Library: | smoother |
See also: | denxest denci dencb denrot denbwsel denestp |
Quantlet: | denest | |
Description: | estimates a univariate density by kernel density estimation. The computation uses WARPing. |
Usage: | fh = denest(x {,h {,K} {,d} }) | |
Input: | ||
x | n x 1 vector, the data. | |
h | scalar, bandwidth. If not given, the rule of thumb bandwidth computed by denrot is used (Silverman's rule of thumb). | |
K | string, kernel function on [-1,1] or Gaussian kernel "gau". If not given, the Quartic kernel "qua" is used. | |
d | scalar, discretization binwidth. d must be smaller than h. If not given, the minimum of h/3 and (max(x)-min(x))/100 is used. | |
Output: | ||
fh | m x 2 matrix, the first column is a grid and the second column contains the density estimate on that grid. |
library("smoother") library("plot") ; mu = 10 si = 5 x = si*normal(200)+mu ; generate data ; fh = denest(x) ; estimate density f = sort(x~pdfn((x-mu)/si)/si) ; true density ; ; fh = setmask(fh,"line","blue") f = setmask(f ,"line","black","thin") plot(f,fh) ; graph functions
The density estimate (blue) for a normal distribution with mean mu=10, standard deviation si=5 is pictured using Quartic kernel (default) and Silverman's rule-of-thumb bandwidth (default), together with the true density (thin black).
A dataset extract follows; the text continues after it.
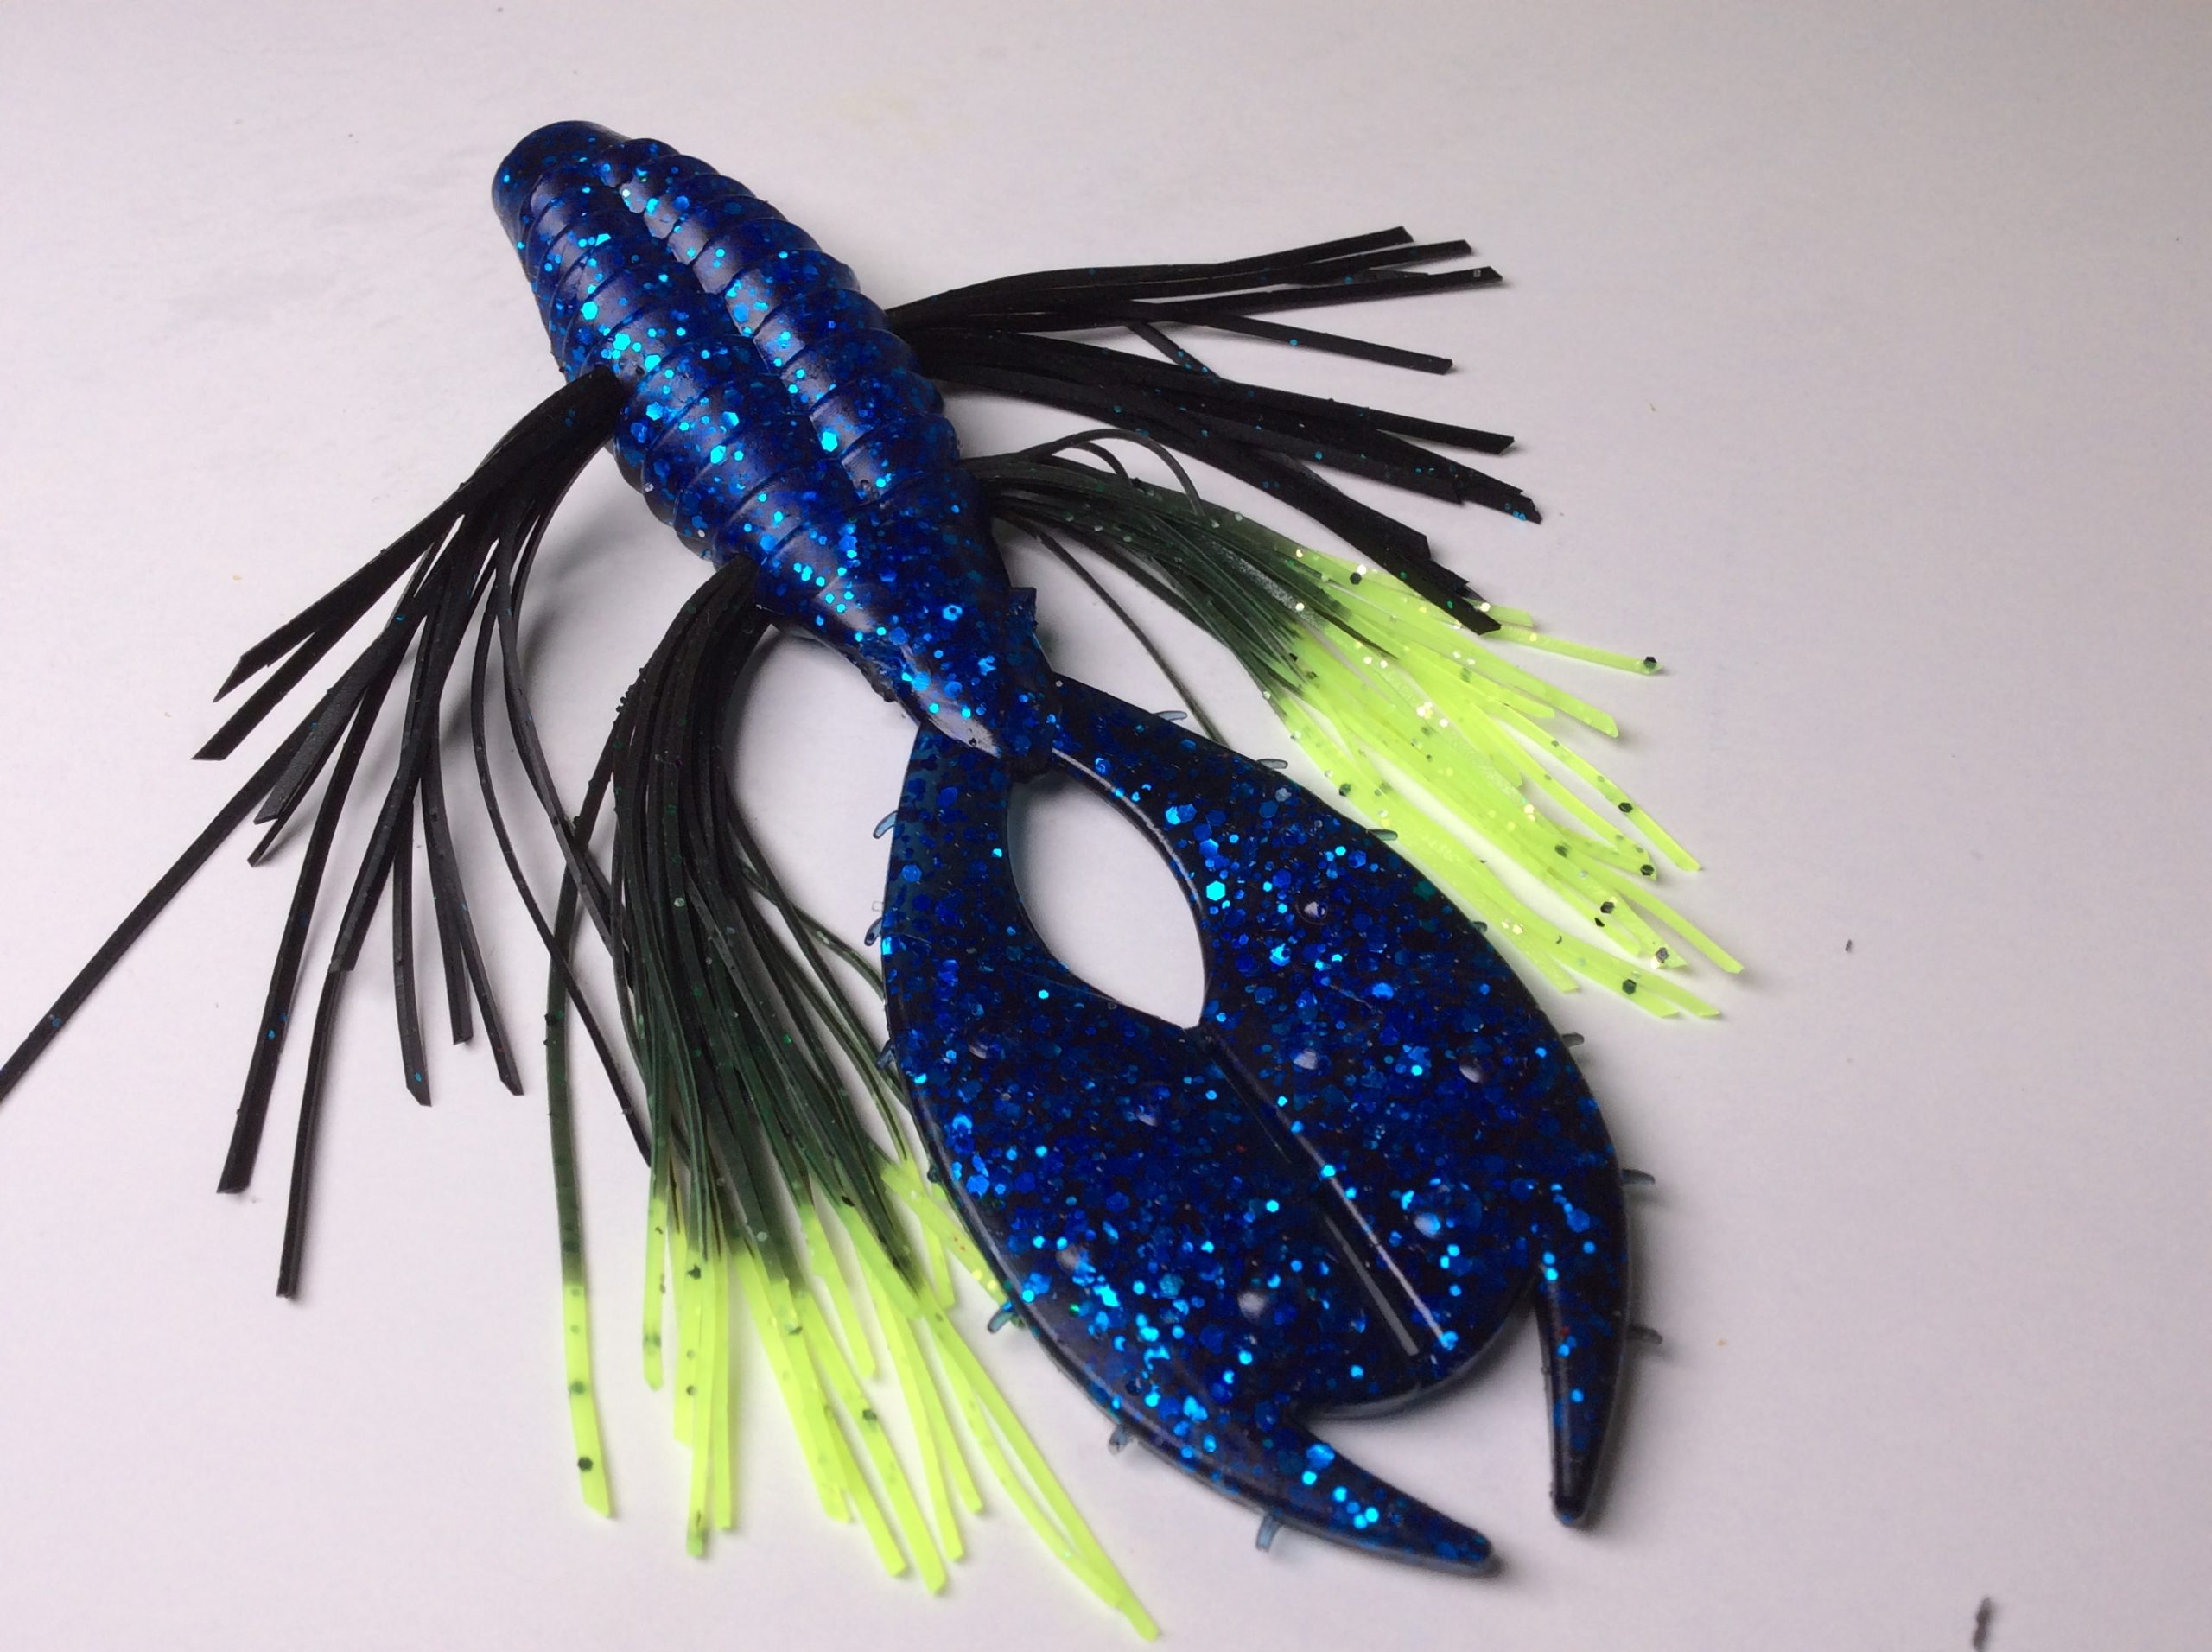 UV Whank'R Trout Worms – Tightlines UV Lures

library("smoother") library("plot") ; mu = 10 si = 5 x = si*normal(200)+mu ; generate data ; fhe= denest(x,3,"epa") ; estimate density fhu= denest(x,3,"uni") ; estimate density f = sort(x~pdfn((x-mu)/si)/si) ; true density ; fhe= setmask(fhe,"line","green") fhu= setmask(fhu,"line","red") f = setmask(f ,"line","black","thin") plot(f,fhu,fhe) ; graph functions
The density estimate using the Epanechnikov kernel (green) is compared to the density estimate using the Uniform kernel (red) and the true density (thin black). In both cases, bandwidth h=3 is used.